GOVERNMENT BODY MUST OFFER TO PURCHASE YOUR PROPERTY BEFORE SUING YOU TO TAKE THE PROPERTY FOR PUBLIC USE

Recent and little-noticed changes in the Arizona statutes have injected new conditions on the power of government bodies to take private property for public use upon payment of just compensation, commonly known as condemnation. These new conditions don’t limit the circumstances under which a government body can take your property for public use, but they do make the government body take some additional steps, steps that appear designed to make the process more certain for owners and tenants of the property.

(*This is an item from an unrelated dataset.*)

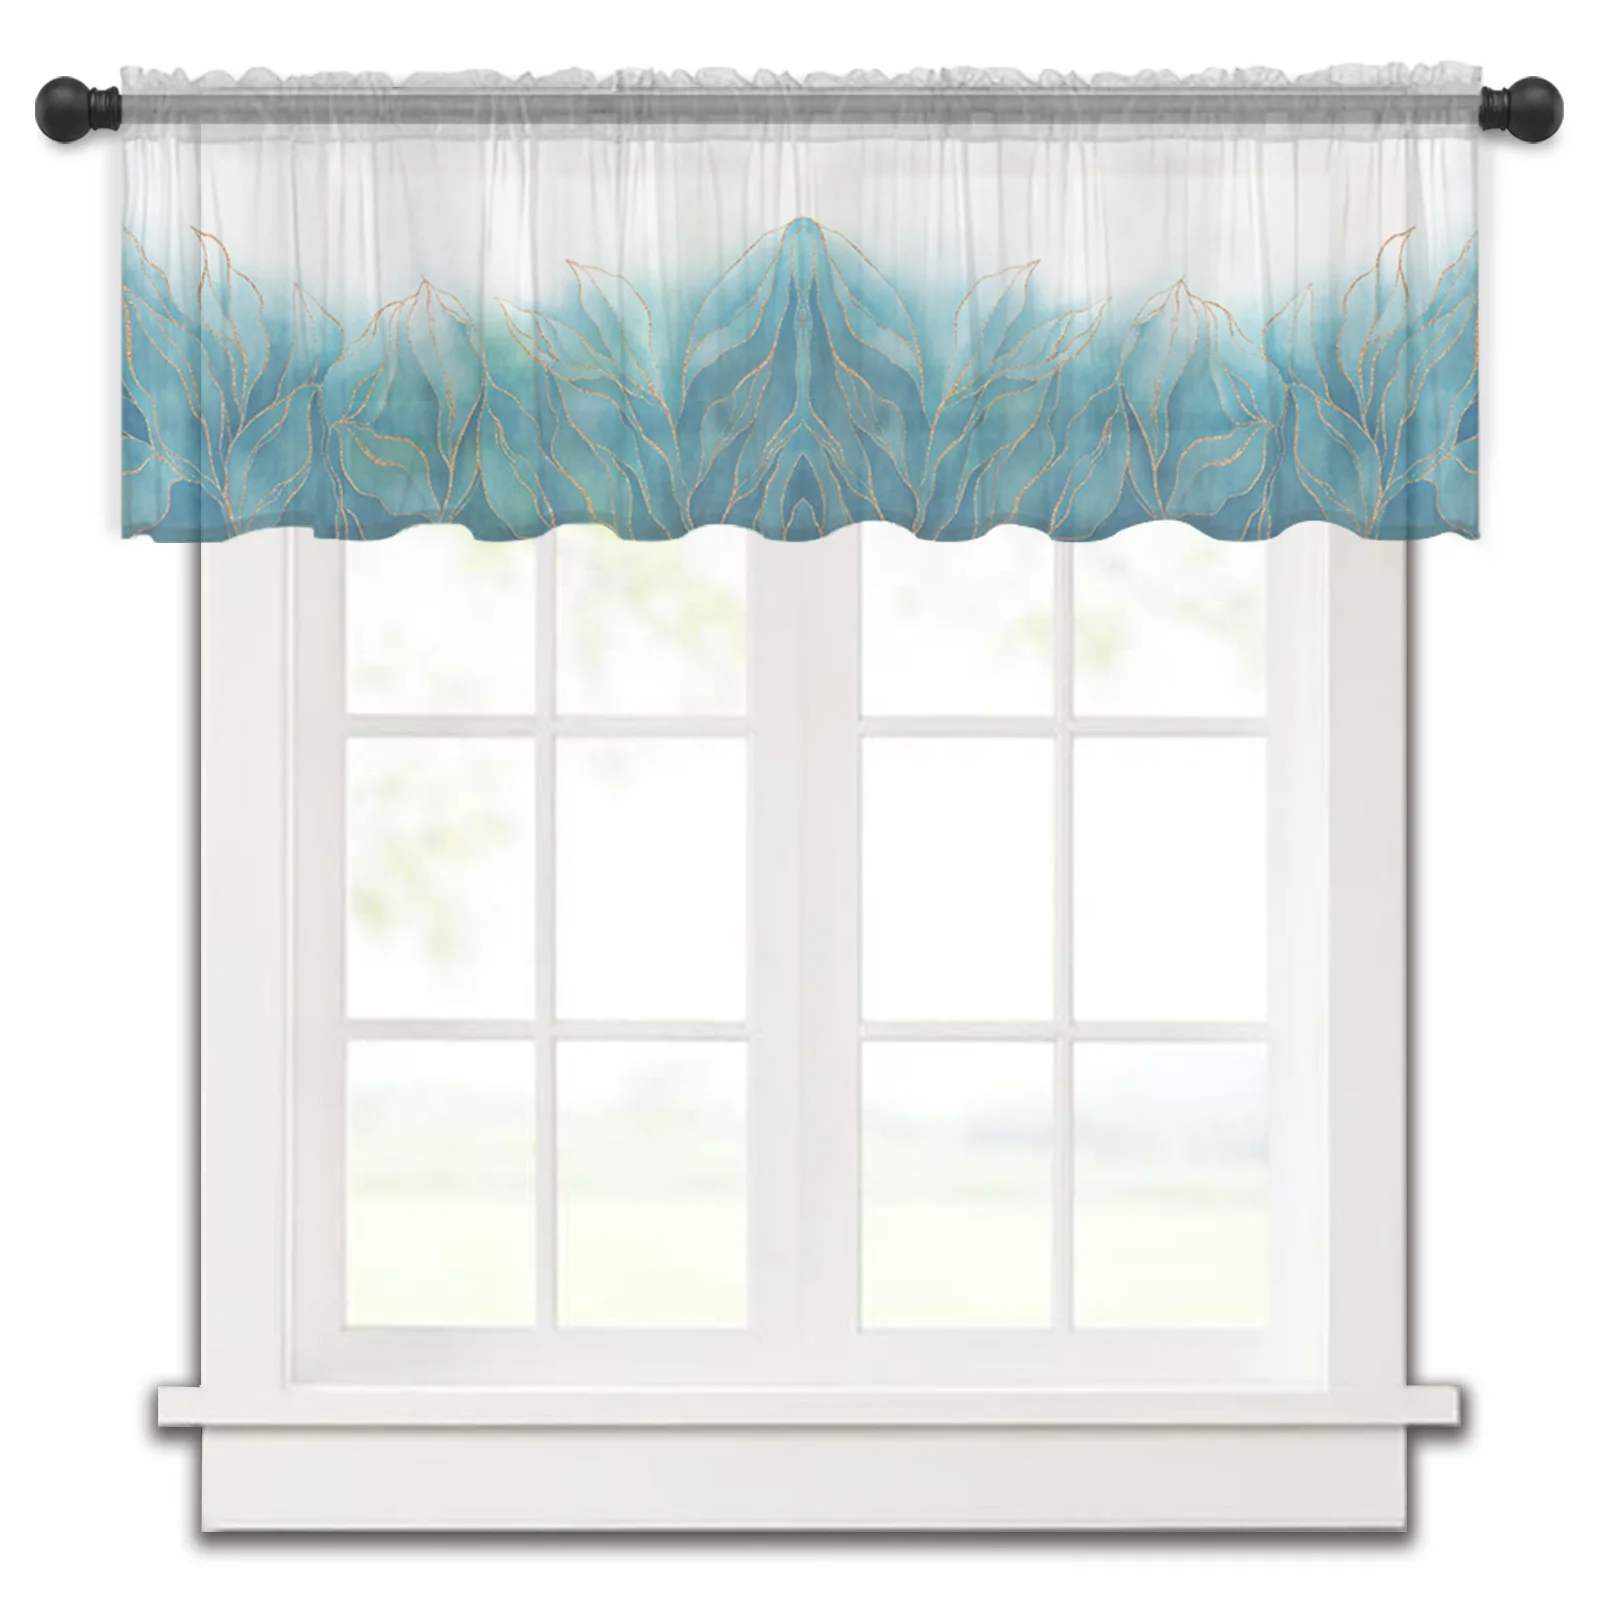 

Geometric Abstract Gradient Leaves Teal Kitchen Curtains Tulle Sheer Short Curtain Bedroom Living Room Home Decor Voile Drapes
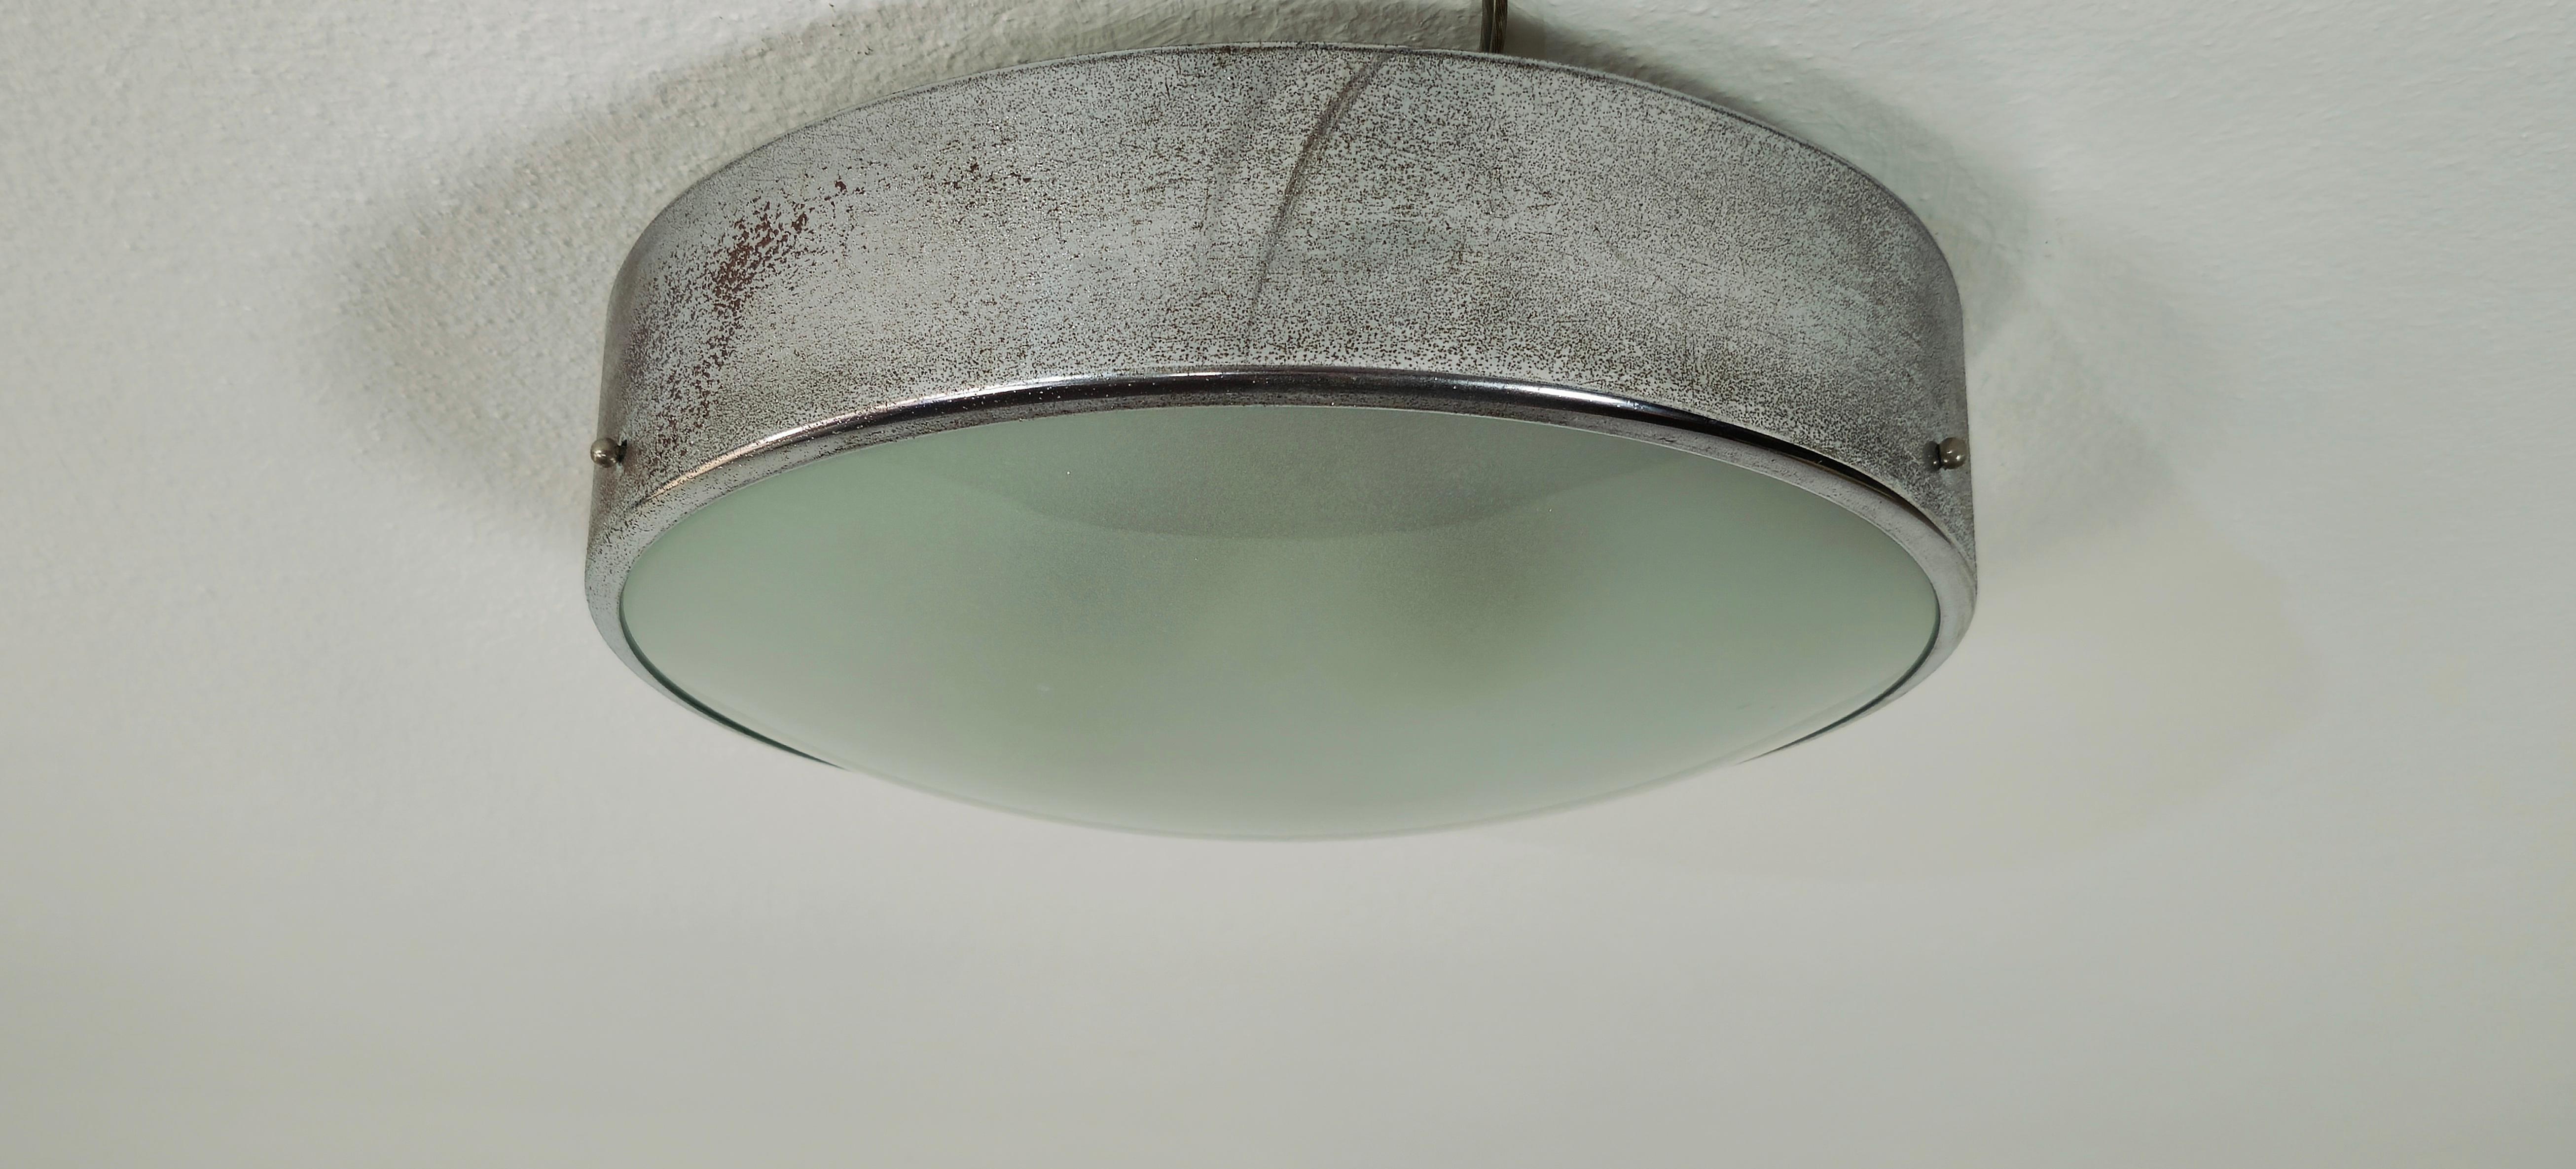 Mid-Century Modern Flush Mount Wall Light Glass Metal In the Style of Fontana Arte Midcentury 1960s For Sale

There has been significant publicity recently about situations where citizens have questioned government bodies’ use of the power of condemnation for purposes other than construction of public facilities like government buildings or roads. Should it be permissible for a government body to take a private property so that it can then sell the property to another private party? You may be surprised to learn that such action has long been permissible under the right circumstances. I’m not going to touch the political hot potato of whether that is what the law should be. The subjects of how the law came to be that way, and what exactly is a public use that justifies the exercise of the power of condemnation, are the topics of a number of legal treatises. I’m going to stick to the nuts and bolts of what the government body has to do to make the condemnation occur.

The formal process of condemnation has traditionally begun, from the property owner’s point of view, when the government body files a lawsuit seeking condemnation of a particular parcel of property. That procedural starting point has now been changed by the Arizona Legislature. The Legislature has now imposed the requirement that twenty days prior to filing the lawsuit for condemnation, the government body must deliver to the property owner a written offer to purchase the property. The offer to purchase must be for an amount that the government body has estimated to be just compensation for the property. The offer must be accompanied by one or more appraisals of the property that support the amount of the proposed compensation.

The new requirements also give tenants additional notice of the condemnation. If the property is subject to a lease that has been recorded with the county recorder, the tenant under that lease must also receive the government body’s written offer to purchase and appraisal(s) of the property. If the property is subject to more than one lease that has been recorded with the county recorder, or if there are no recorded leases, the government body must give notice of the offer and the appraisal(s) to any “party having a plain and obvious commercial ownership or operational interest in substantial improvements on the property by posting the notice in plain sight at the property….” This appears to mean that if the occupant of a commercial property is someone other than the owner but there is no recorded lease, the government body has to post the terms of the offer to purchase and the appraisal(s) at the property. The new requirements also give a tenant the right to obtain copies of the offer and appraisal(s) from the government body upon request.

One more significant new provision adopted by the Arizona Legislature is a statutory definition of just compensation, or “value,” for the property:

the most probable price estimated in terms of cash in United States dollars or comparable market financial arrangements that the property would bring if exposed for sale in the open market, with reasonable time allowed in which to find a purchaser, buying with knowledge of all the uses and purposes to which it was adapted and for which it was capable.

I’m not sure why the Legislature thought it was necessary to adopt this statutory definition, but it does appear to give the property owner an added measure of certainty about the process.

These new requirements do not radically change the process, but they do give property owners and occupants the right to specific notice from the government body prior to the government body filing a lawsuit to condemn the property. They also require the government body to formally offer to purchase the property (although this often occurred anyway). Perhaps with these additional steps, the process of condemnation will be less mysterious, and therefore less intimidating, to property owners and tenants.

MORE LEGAL WRANGLING OVER TREES
As a postscript to my item last month about the “tree (and shrub) police” in Santa Cruz, California, I recently saw a news item describing a situation in the town of Sonora, California (about 150 miles northeast of Santa Cruz), where removal of a single tree became the subject of a lawsuit. Sonora apparently has no law like Santa Cruz’s Heritage Tree Ordinance, or the tree would still be standing today.

According to the recent news item, an arborist told the owner of the property on which the tree stood that the tree’s root structure was weakened, which could cause the tree to fall. The property owner, which happened to be the local school district, decided to remove the 85-foot-tall tree because of possible liability if the tree fell and caused injury. A local citizen filed a lawsuit to stop the removal of the tree, contending that the removal would violate state environmental laws. The county judge disagreed, and the tree was removed, much to the consternation of some of the residents. This obviously would not have been the result in Santa Cruz.

The other question this item raises, of course, is whether the property owner really needed to remove the tree because of possible liability if the tree were to fall on someone. Perhaps they could have posted a warning on the property (“WARNING: THIS TREE COULD FALL AT ANY TIME”) or had all visitors to the property sign a release (“I understand that a tree on the property may fall on me without warning”). Most people already know, of course, that some trees may fall without warning and cause injury. They call them “widowmakers.”